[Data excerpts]
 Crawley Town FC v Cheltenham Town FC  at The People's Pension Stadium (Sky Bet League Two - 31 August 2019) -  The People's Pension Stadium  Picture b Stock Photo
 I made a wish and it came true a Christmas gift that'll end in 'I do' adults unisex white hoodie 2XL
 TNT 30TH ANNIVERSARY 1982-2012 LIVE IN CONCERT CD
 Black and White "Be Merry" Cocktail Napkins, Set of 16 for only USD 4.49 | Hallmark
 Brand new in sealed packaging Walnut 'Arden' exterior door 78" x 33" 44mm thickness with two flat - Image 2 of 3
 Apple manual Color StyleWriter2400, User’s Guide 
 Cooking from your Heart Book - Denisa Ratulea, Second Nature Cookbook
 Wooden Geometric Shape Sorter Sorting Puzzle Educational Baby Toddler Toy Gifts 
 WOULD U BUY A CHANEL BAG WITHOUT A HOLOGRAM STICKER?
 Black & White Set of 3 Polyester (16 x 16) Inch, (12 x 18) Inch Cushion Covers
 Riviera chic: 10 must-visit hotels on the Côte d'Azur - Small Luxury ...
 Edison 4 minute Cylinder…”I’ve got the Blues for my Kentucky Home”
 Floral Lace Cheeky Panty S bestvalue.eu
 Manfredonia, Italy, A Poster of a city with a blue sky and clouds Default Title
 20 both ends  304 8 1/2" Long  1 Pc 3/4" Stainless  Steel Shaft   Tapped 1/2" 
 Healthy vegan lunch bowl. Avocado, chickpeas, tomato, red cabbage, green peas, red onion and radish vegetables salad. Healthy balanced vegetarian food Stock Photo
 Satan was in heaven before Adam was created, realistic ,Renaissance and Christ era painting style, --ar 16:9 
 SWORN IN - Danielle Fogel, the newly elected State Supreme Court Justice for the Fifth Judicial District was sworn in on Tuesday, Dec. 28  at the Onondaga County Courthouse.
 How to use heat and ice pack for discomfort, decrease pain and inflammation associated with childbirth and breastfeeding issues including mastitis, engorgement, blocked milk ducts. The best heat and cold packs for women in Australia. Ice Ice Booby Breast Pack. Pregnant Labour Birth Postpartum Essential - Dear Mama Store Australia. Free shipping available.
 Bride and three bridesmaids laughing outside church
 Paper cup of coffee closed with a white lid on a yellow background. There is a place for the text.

**Goal of the exercise:**
Take the entries above and return only the lines from the one with "Black & White" to the one with "Manfredonia, Italy, A", both included, unchanged.

**Result of the exercise:**
 Black & White Set of 3 Polyester (16 x 16) Inch, (12 x 18) Inch Cushion Covers
 Riviera chic: 10 must-visit hotels on the Côte d'Azur - Small Luxury ...
 Edison 4 minute Cylinder…”I’ve got the Blues for my Kentucky Home”
 Floral Lace Cheeky Panty S bestvalue.eu
 Manfredonia, Italy, A Poster of a city with a blue sky and clouds Default Title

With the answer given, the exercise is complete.